Bureau of European and Eurasian Affairs (EUR) – Meredith Wiedemer (Chisinau, Moldova)
In Moldova, as more than 590,000 Ukrainian refugees have streamed across the border, Eligible Family Member Meredith Wiedemer was part of the leadership team at a donation center that provided emergency supplies like food, hygiene, and baby items to over 38,000 refugees. One month into the conflict, she realized the need for long-term support for refugees and opened Sunflower Center, which
is currently providing children’s programming, psychosocial support for mothers, and employment to Ukrainian women. She has raised more than $200,000 in private contributions and secured partnerships with international organizations in support of Sunflower.

Bureau of Near Eastern Affairs (NEA) – Debra Stock (Doha, Qatar)
Debra Stock arrived at her first overseas post, Doha, around the same time as a large influx of 58,000 Afghan refugees. Debra immediately took the lead in organizing volunteers to help, spending her days and nights for months at the Al Udeid Air Base. Her “Doha Do-Gooders,” as they became known, worked on the receiving lines for incoming refugees and provided warm clothing, hygiene items and other essentials, as well as children’s supplies including over 300 soccer balls. They organized fundraising events for the refugees which brought the Embassy community together, and they even created and furnished a school for the refugee children, where Debra also served as a teacher and mentor.

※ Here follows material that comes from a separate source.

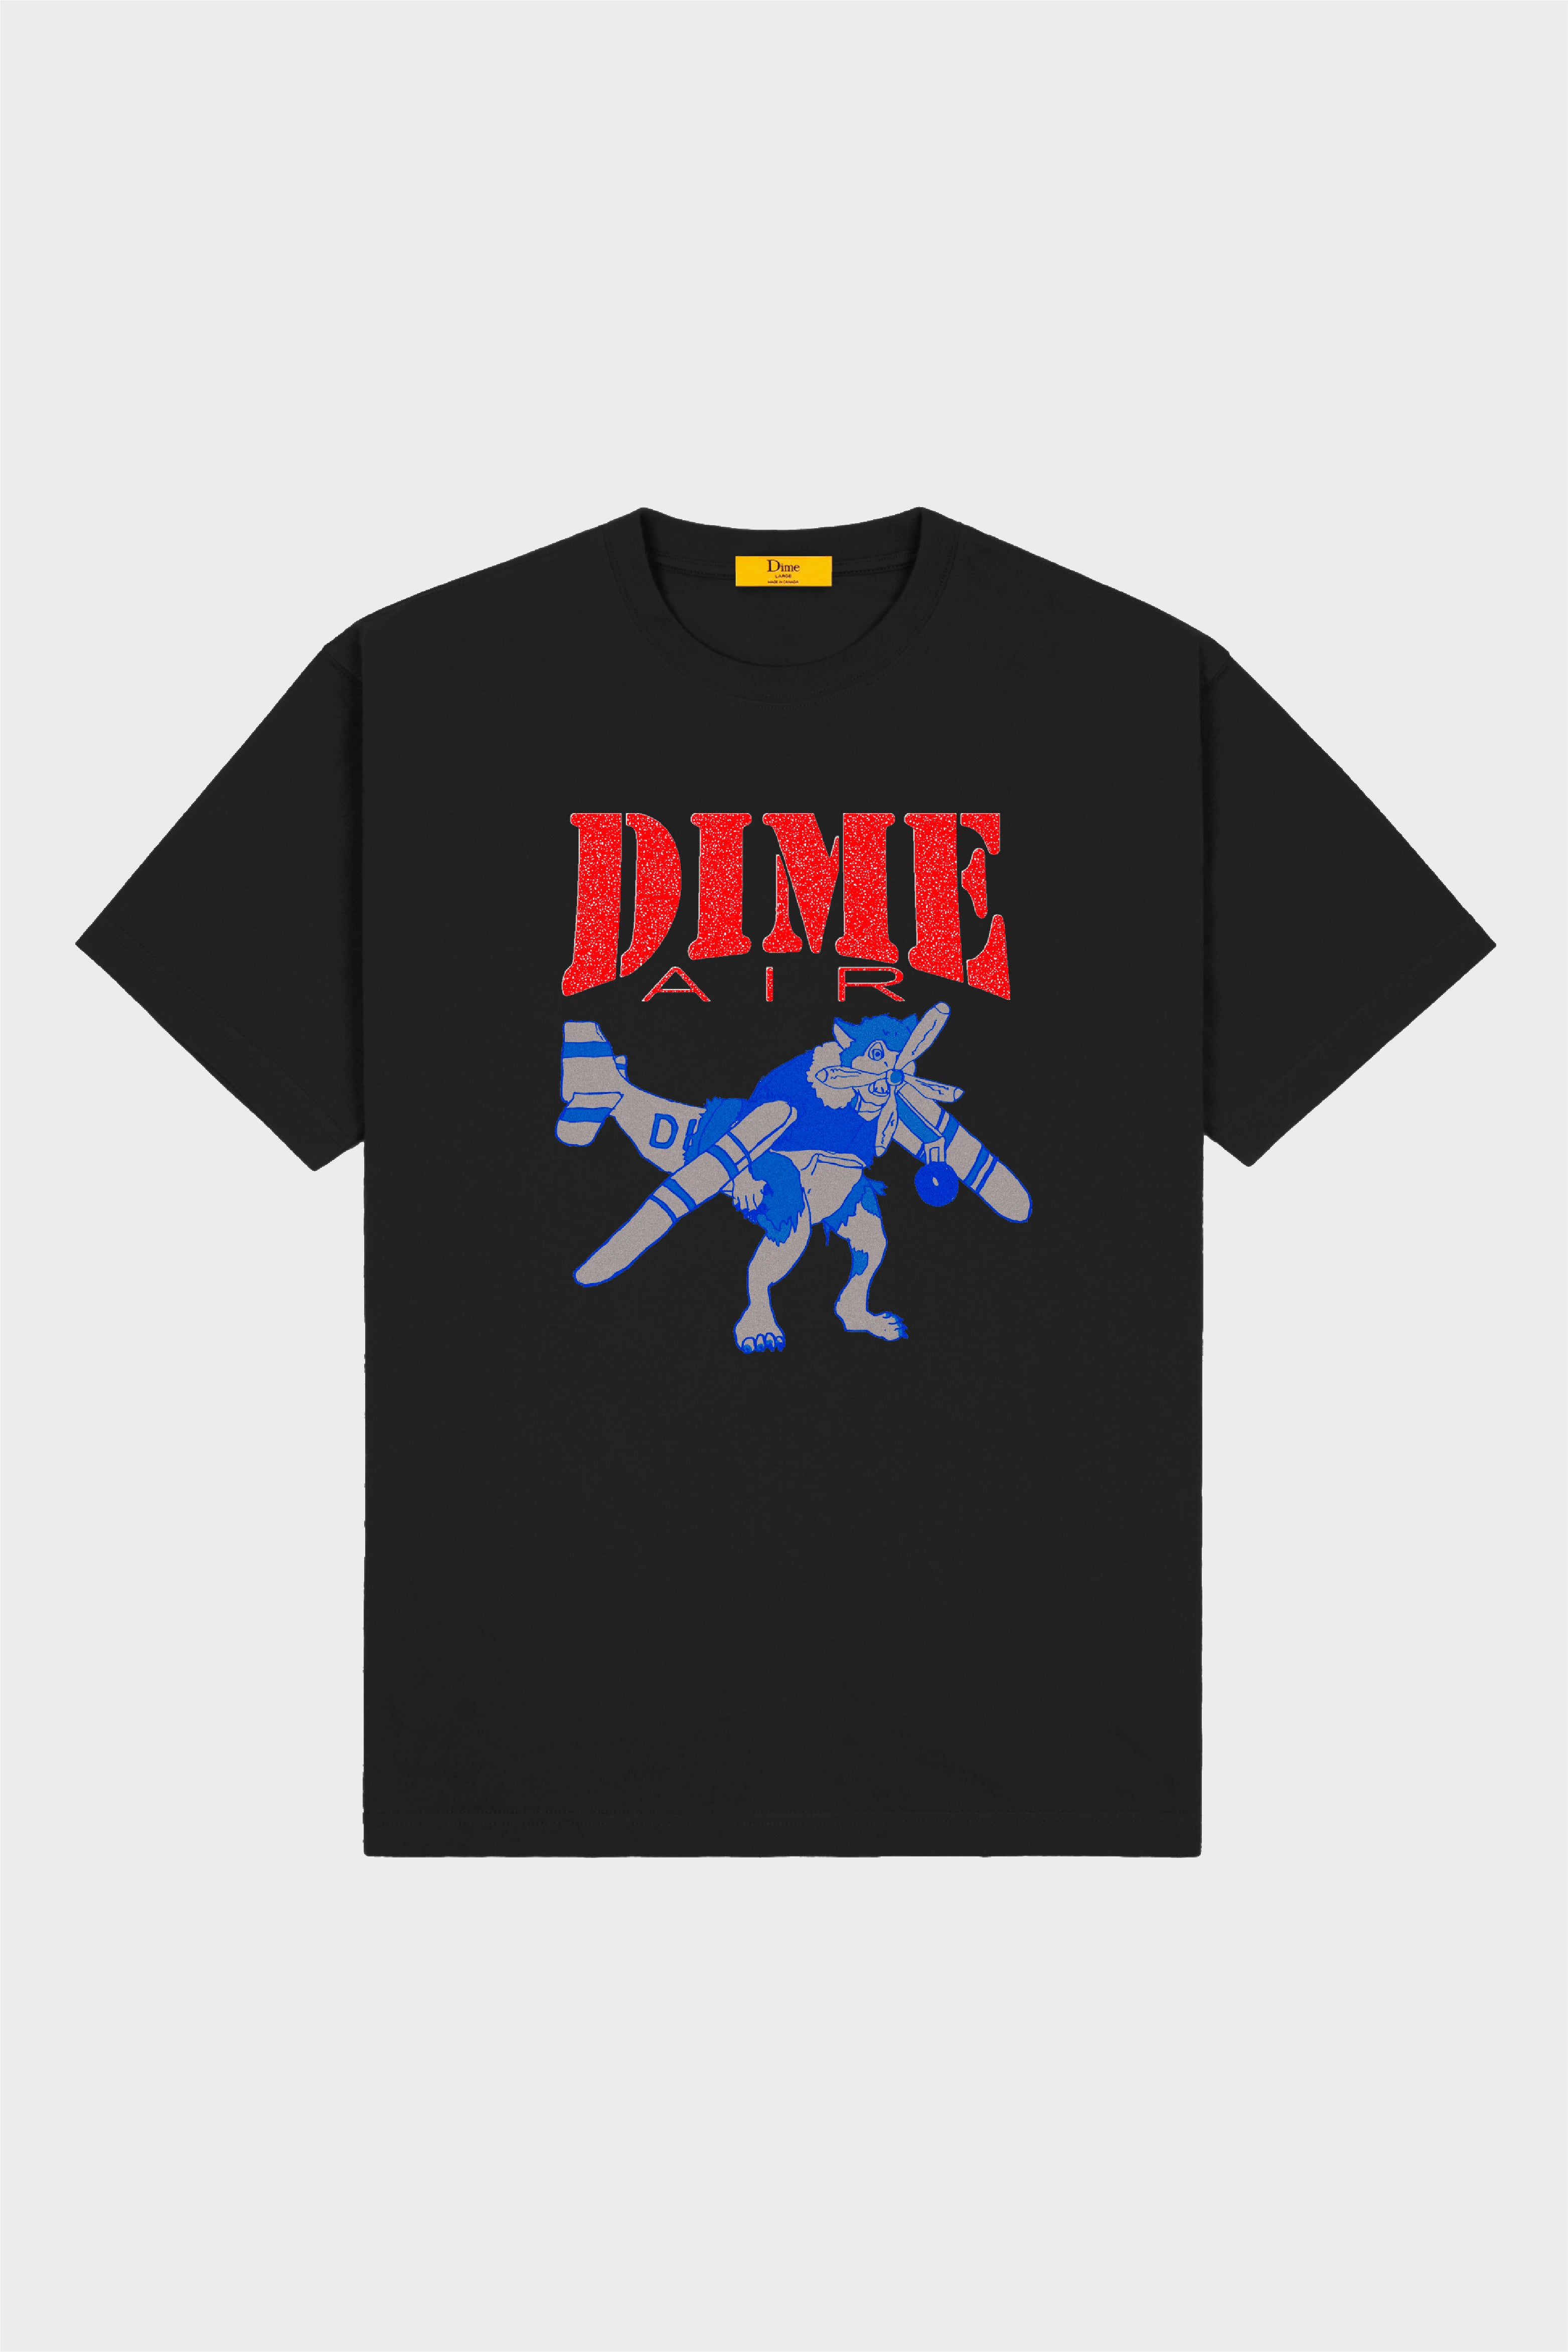 Selectshop FRAME - DIME Dime Air T-Shirt T-Shirts Concept Store Dubai

Bureau of Western Hemisphere Affairs (WHA) – J. Carlos Valles (Port-au-Prince, Haiti)
In Port-au-Prince, J. Carlos Valles has volunteered over 1,000 hours at the St. Luke’s Foundation Carpenter Training Center of St. Luke’s Foundation, working with at-risk young men who learn under his tutelage to use machinery and tools and work as a team. Their workshop produces desks, chairs, and beds as well as affordable coffins which allow Haiti’s urban poor to provide their loved ones with a dignified traditional burial. Carlos also works with the Embassy community to collect and repurpose packing and shipping materials for use in coffin-making. Carlos’ legacy will include a network of trained carpenters who can earn a decent living and fill a critical need for these skills in the Haitian capital.

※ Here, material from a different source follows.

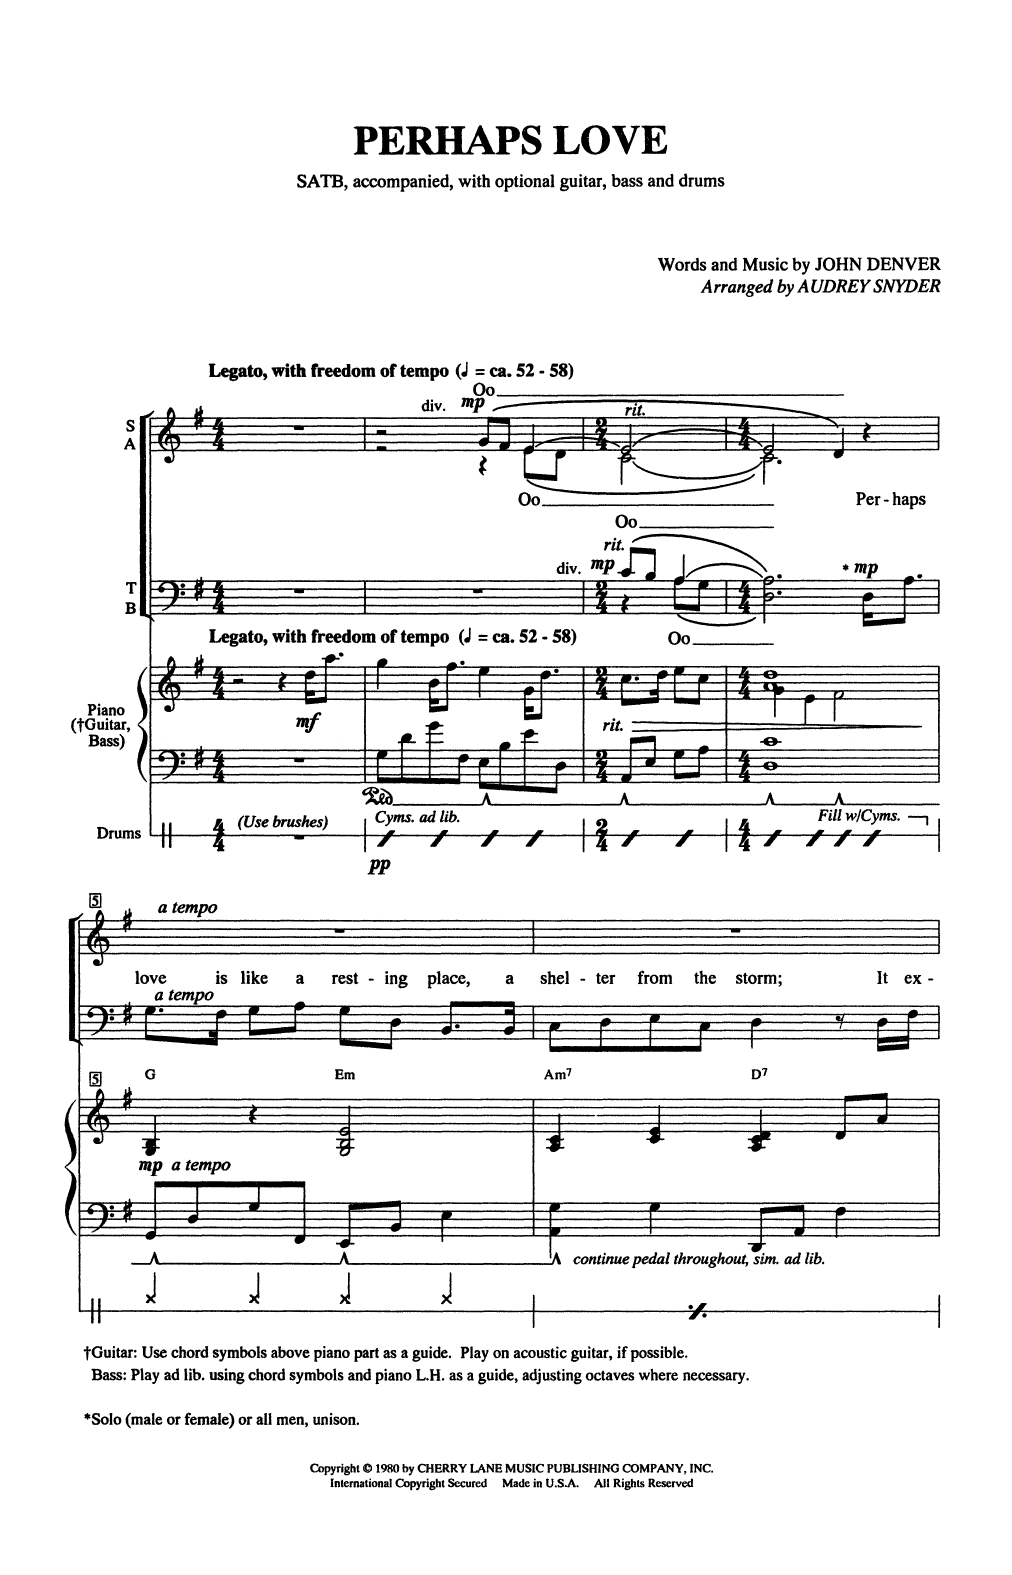 John Denver Perhaps Love (arr. Audrey Snyder) Sheet Music Notes & Chords for SATB Choir - Download or Print PDF

On this day, Alison W. Davis received the Tragen Award. Stephanie Anderson and
Lauren Steed, the CCE-EFM Award and Dr. Joanna Anthanapoulos Owen, the Dorman
Award. 

Dr. Joanna Athanasopoulos Owen, AAFSW’s former president (2016-2020) could not be at the ceremony so Celine C. Erickson accepted the Dorman Award on her behalf, sharing her remarks: “Thank you all so much for this great honor. I am truly humbled to be the 2022 AAFSW Dorman Award recipient! Looking back at my service to AAFSW, I am reminded of this outstanding coincidence: The announcement of my election to be the AAFSW President from 2016 to 2020 was published in the AAFSW newsletter of September 2016, the same issue which also published the announcement of the passing of Lesley Dorman in August of 2016.

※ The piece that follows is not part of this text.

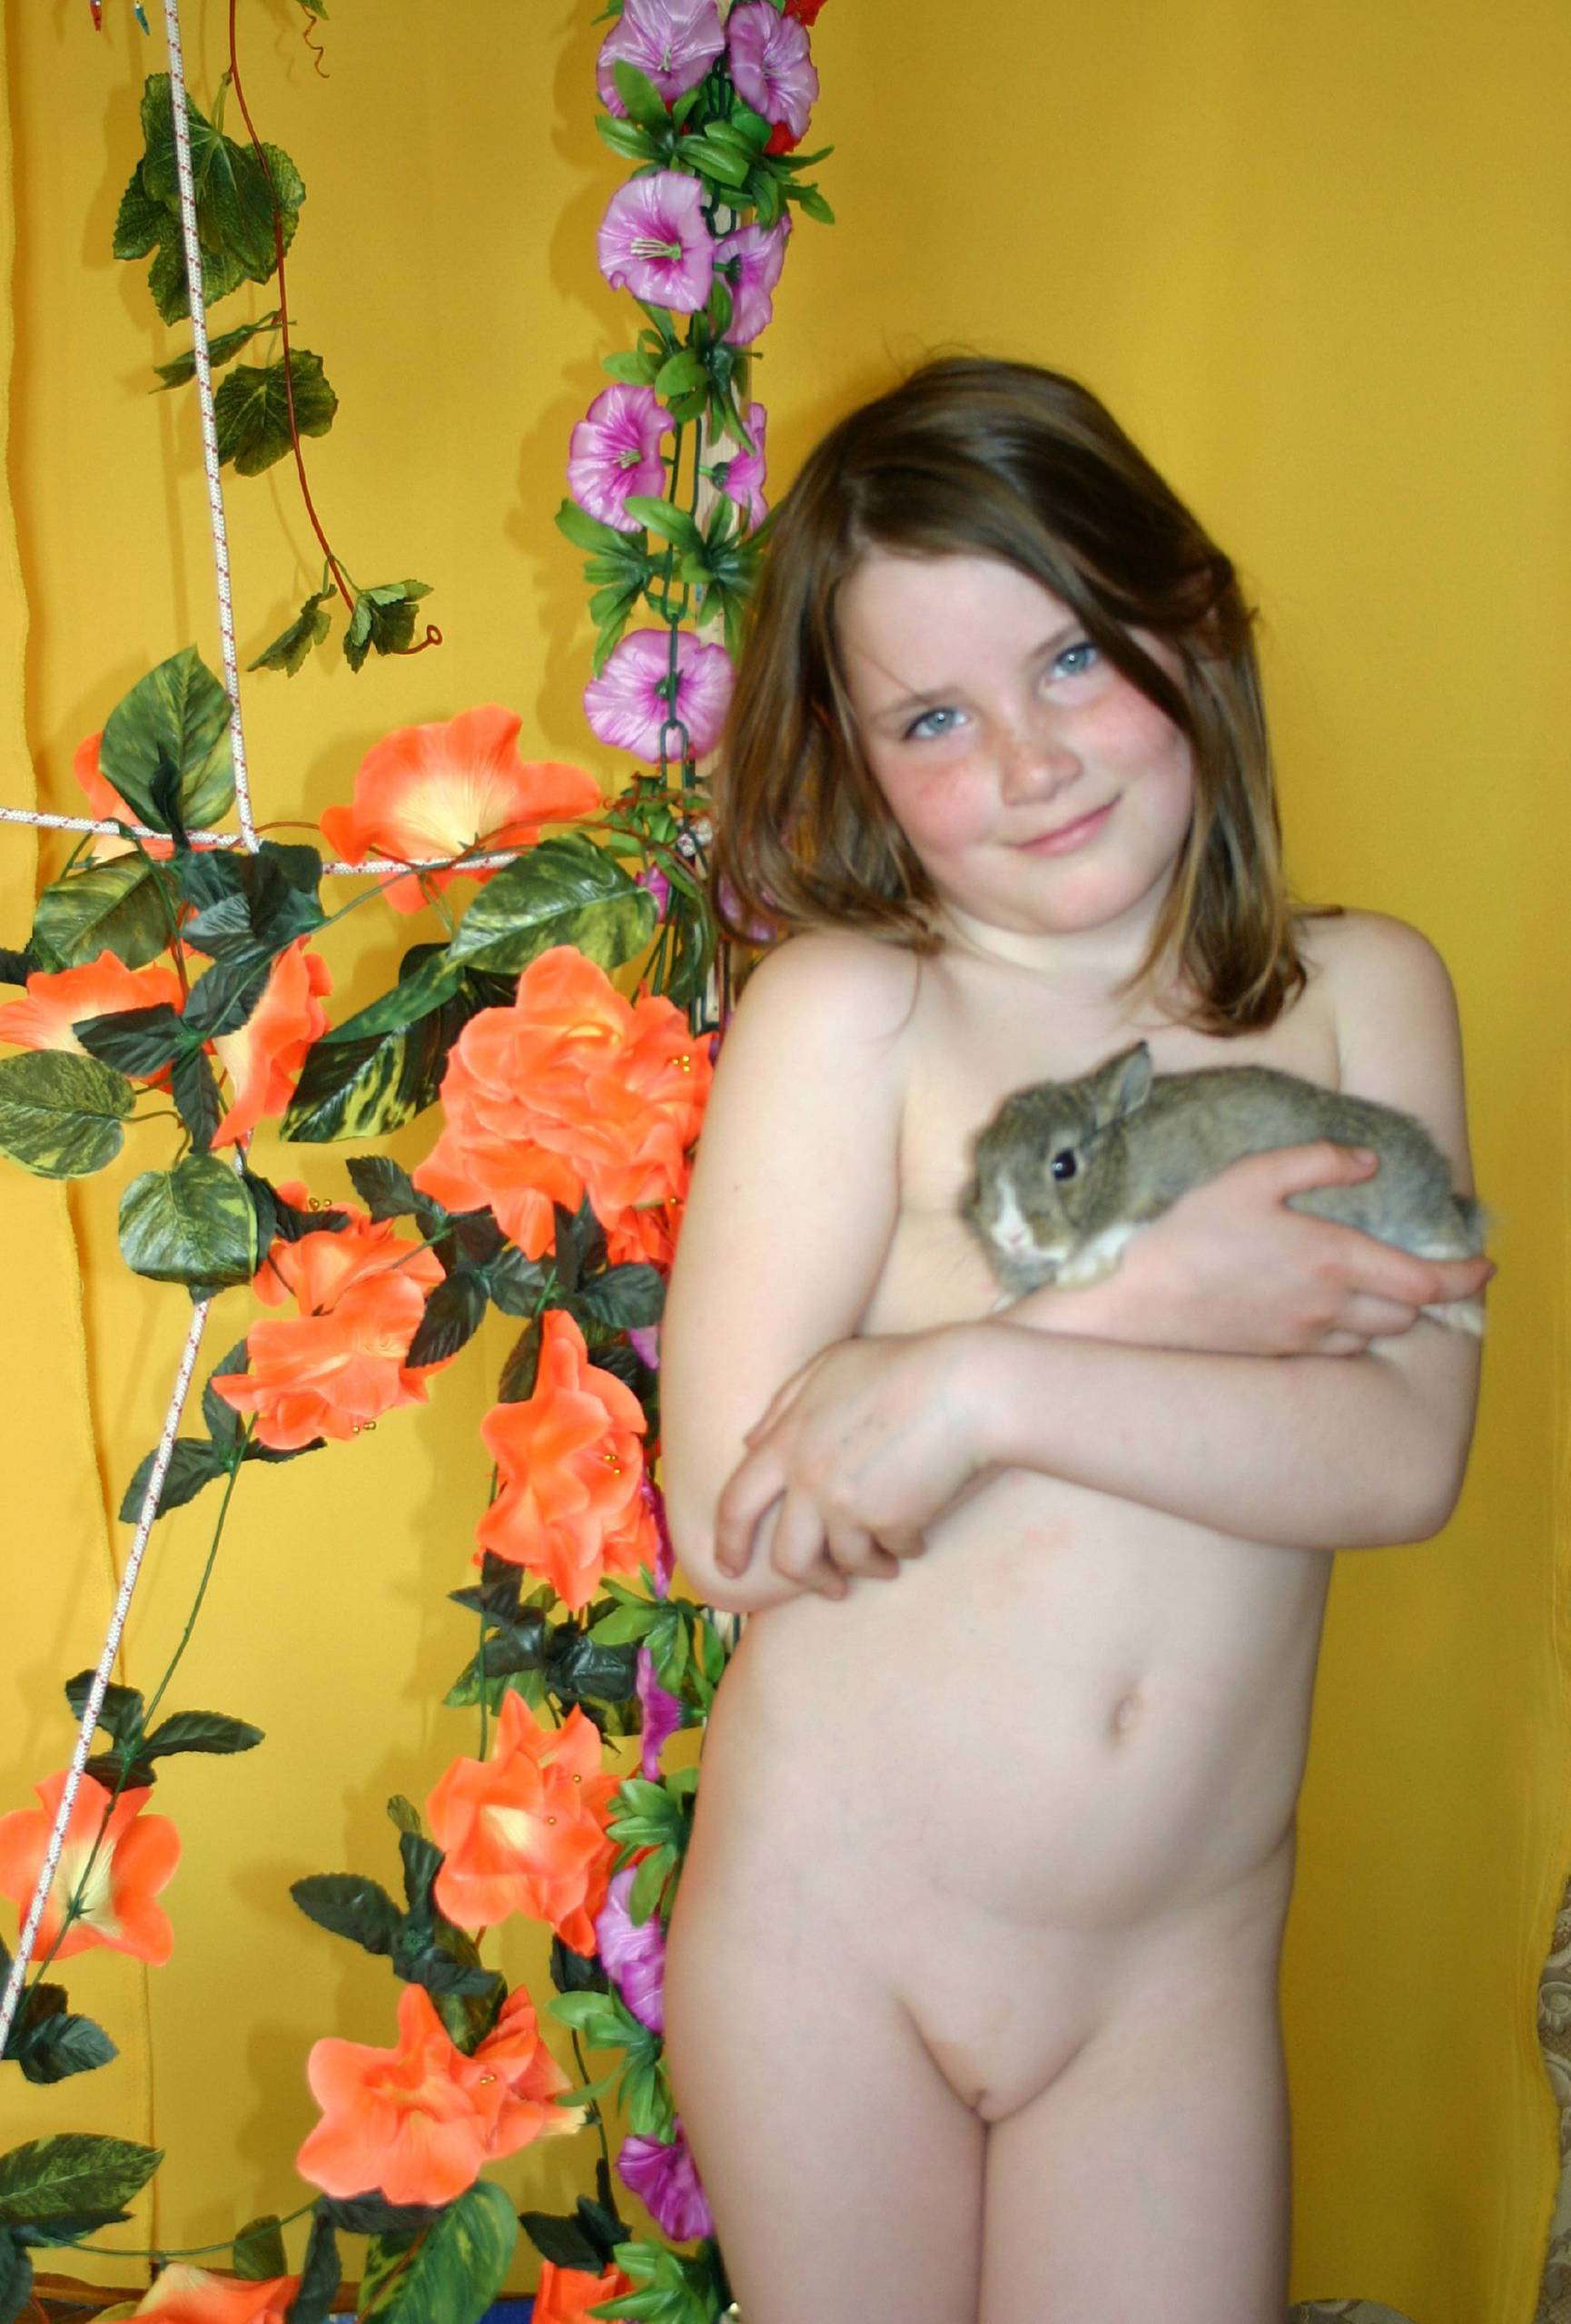 Nudist Girl and the Bunny - Pure Family Nudism - 2

I knew that Lesley was the AAFSW President from 1976 to 1981, but I never had the privilege of meeting her. However, her reputation preceded her. When I read the announcement of Lesley’s passing in the Global Link, I remember, I only wished I could make her proud of my contributions to AAFSW while I served as president. Receiving this award today, it seems that I did!” Read more here.

Celine C. Erickson closed the moving and meaningful event of the 2022 SOSA Awards Ceremony: “dedicated to the foreign service employees and family members, who do whatever it takes to make it work and to conduct the American spirit of volunteerism in so many forms in so many faraway places. This ceremony reflects on our community’s will to support our family members, when they cooperate and build bridges of understanding with the local communities we serve overseas.”

AAFSW is grateful to Moise Mendoza and Jose Dorce for brilliantly organizing and managing the event, and to the awardees, their families and the attendees from the Department of State, Global Community Liaison Office (GCLO) and AAFSW’s volunteers, members and guests for accompanying us in this journey.